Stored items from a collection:
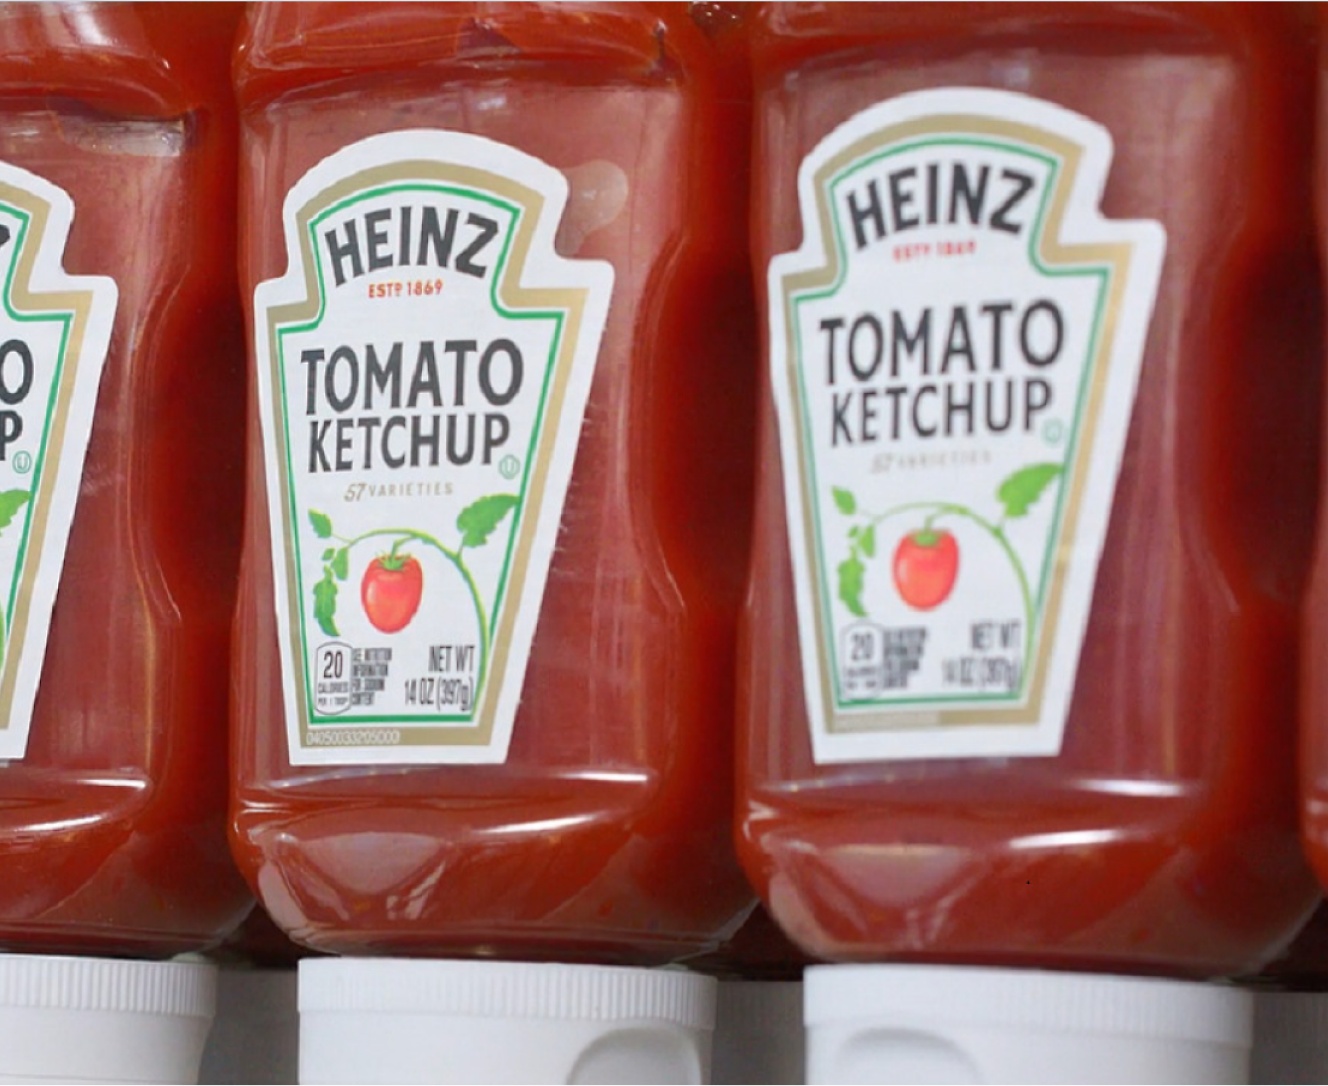 Várias garrafas de ketchup Heinz Tomato colocadas numa prateleira
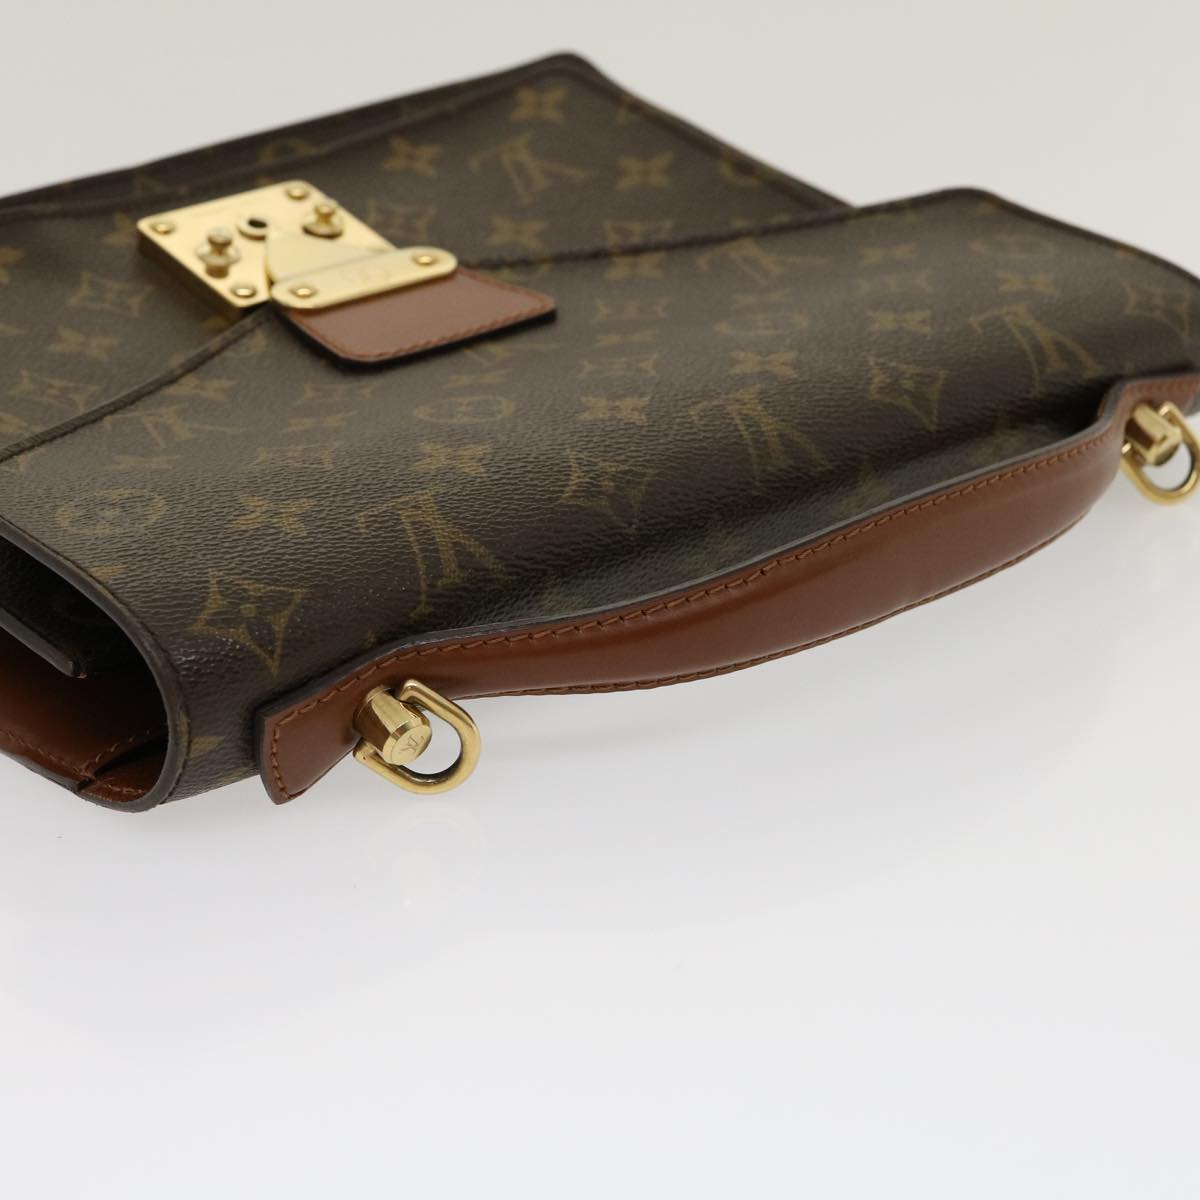 Auth Louis Vuitton Monogram 2way Bag Monceau M51185 Women's Handbag,Shoulder  Bag
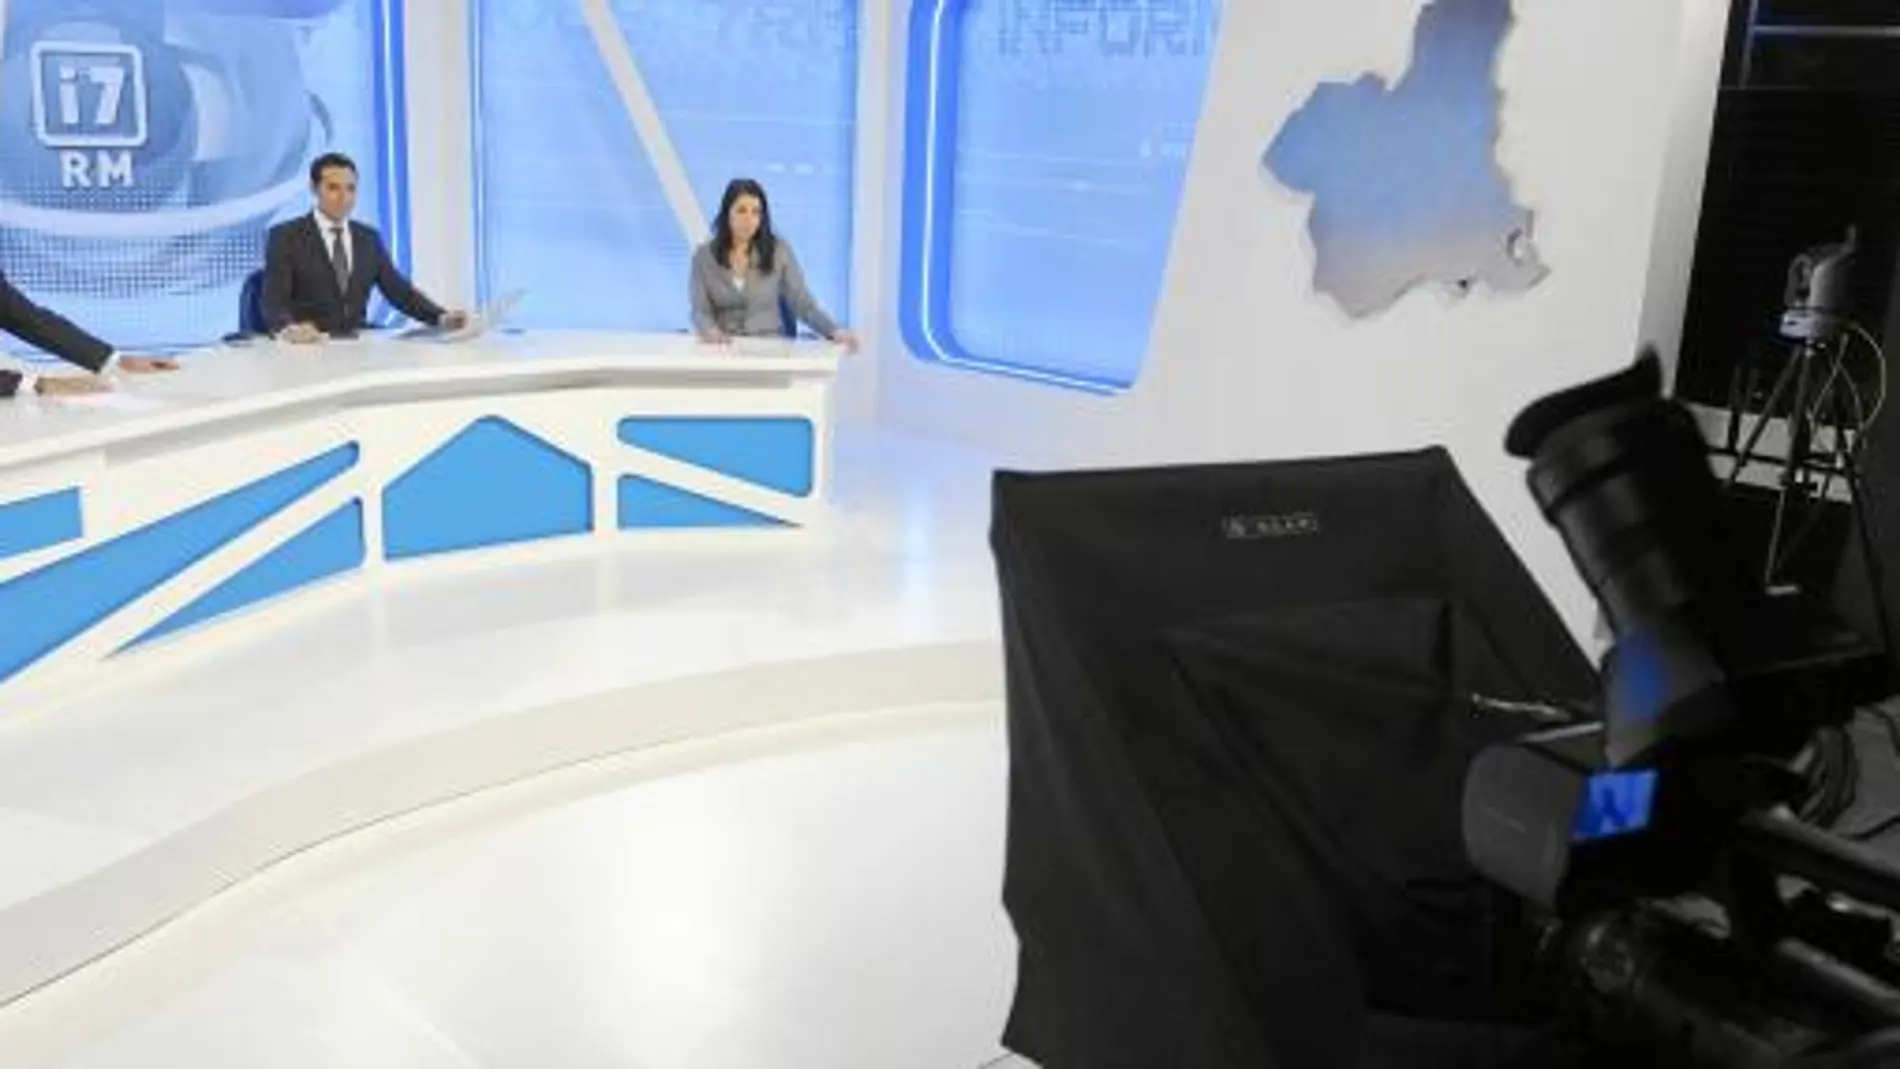 Juan Cervantes, Nacho Gómez y Marta Morenilla serán los encargados de conducir el nuevo telediario
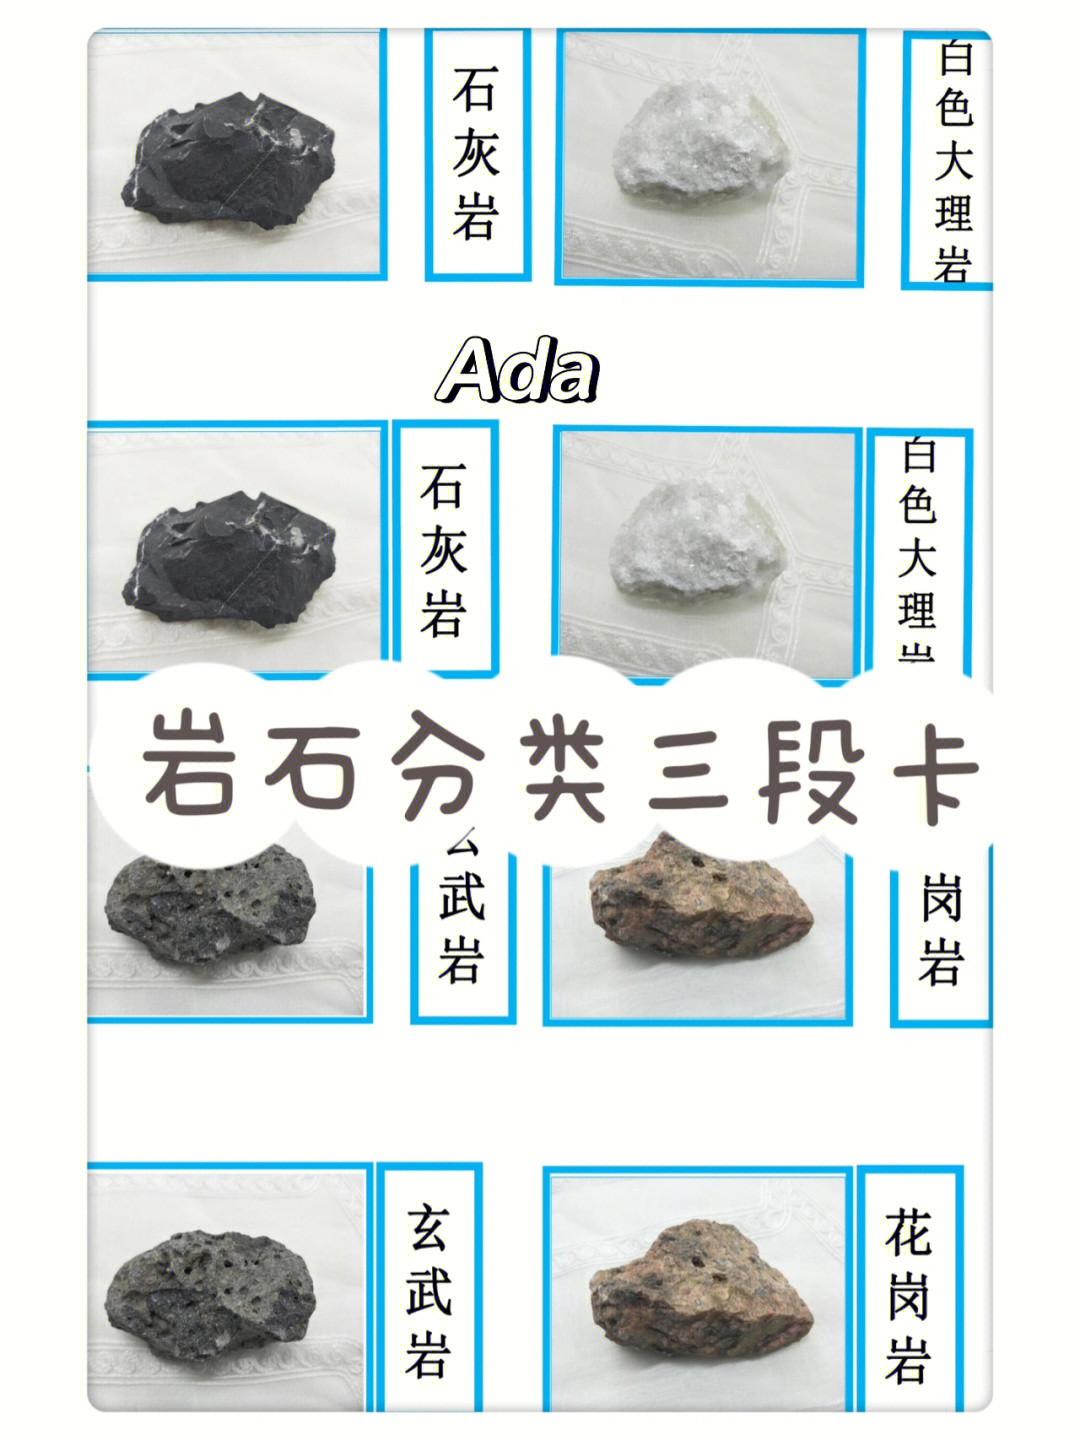 常见的石头种类 名称图片
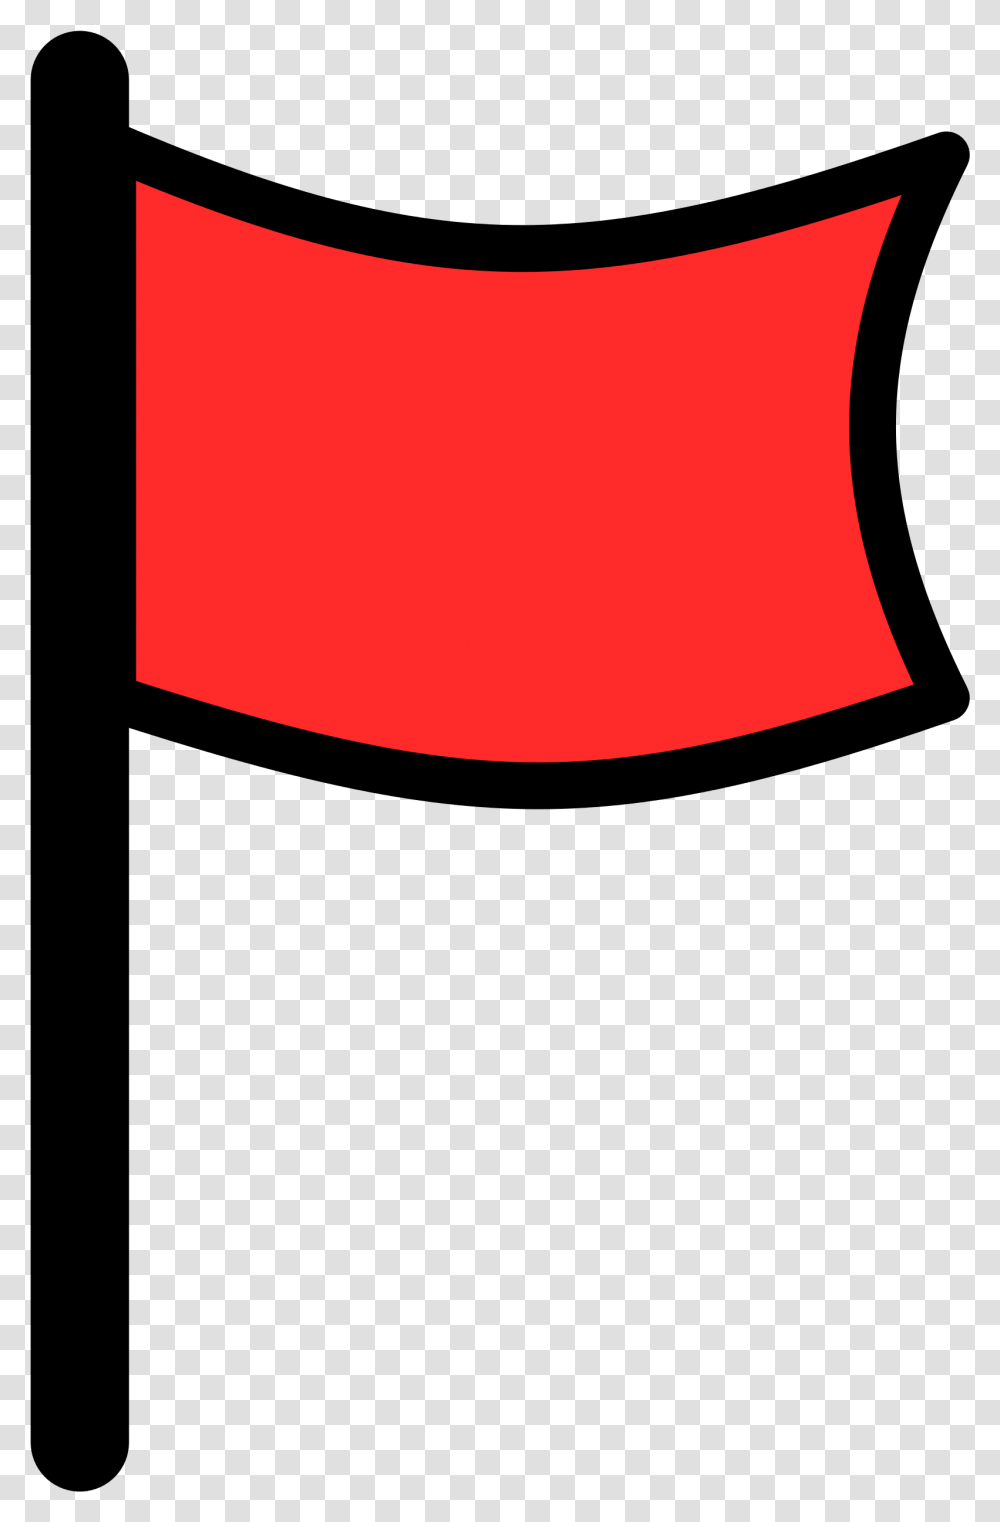 Google Map Image Flag For Google Map Background Red Flag, Clothing, Apparel, Logo, Symbol Transparent Png
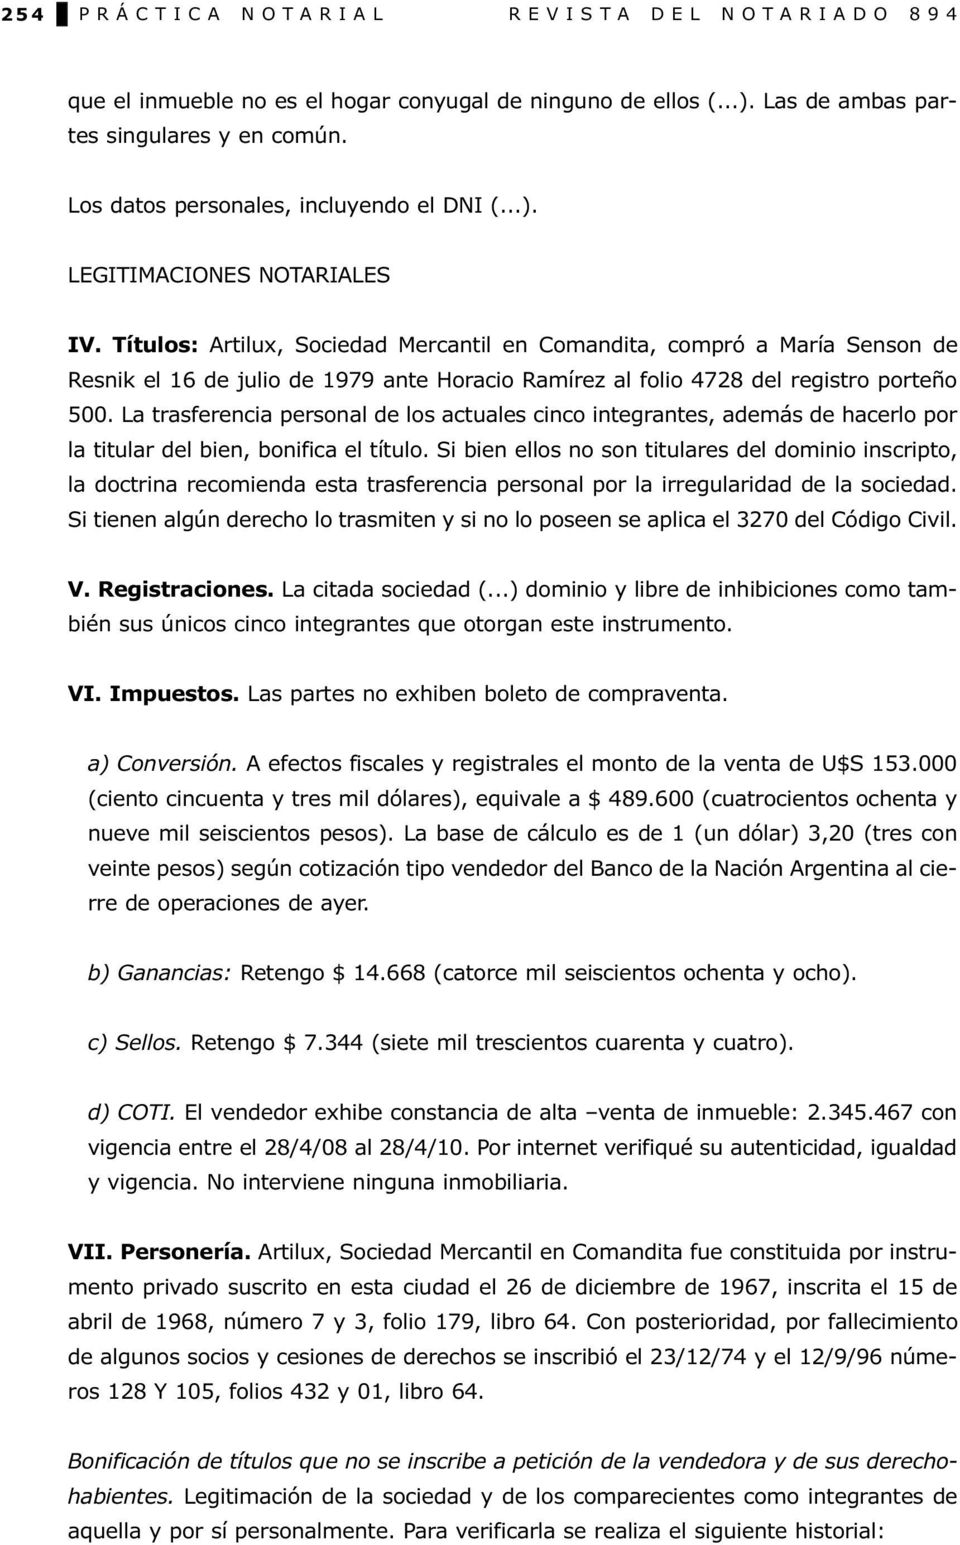 Títulos: Artilux, Sociedad Mercantil en Comandita, compró a María Senson de Resnik el 16 de julio de 1979 ante Horacio Ramírez al folio 4728 del registro porteño 500.

*Your instructions*. Restate word for word the lines starting at the one that contains "常见的石头种类 名称图片" and ending at the last line of the data. Skip every picture.

*Output*.
 常见的石头种类 名称图片
 Google Map Image Flag For Google Map Background Red Flag, Clothing, Apparel, Logo, Symbol Transparent Png
 Títulos: Artilux, Sociedad Mercantil en Comandita, compró a María Senson de Resnik el 16 de julio de 1979 ante Horacio Ramírez al folio 4728 del registro porteño 500.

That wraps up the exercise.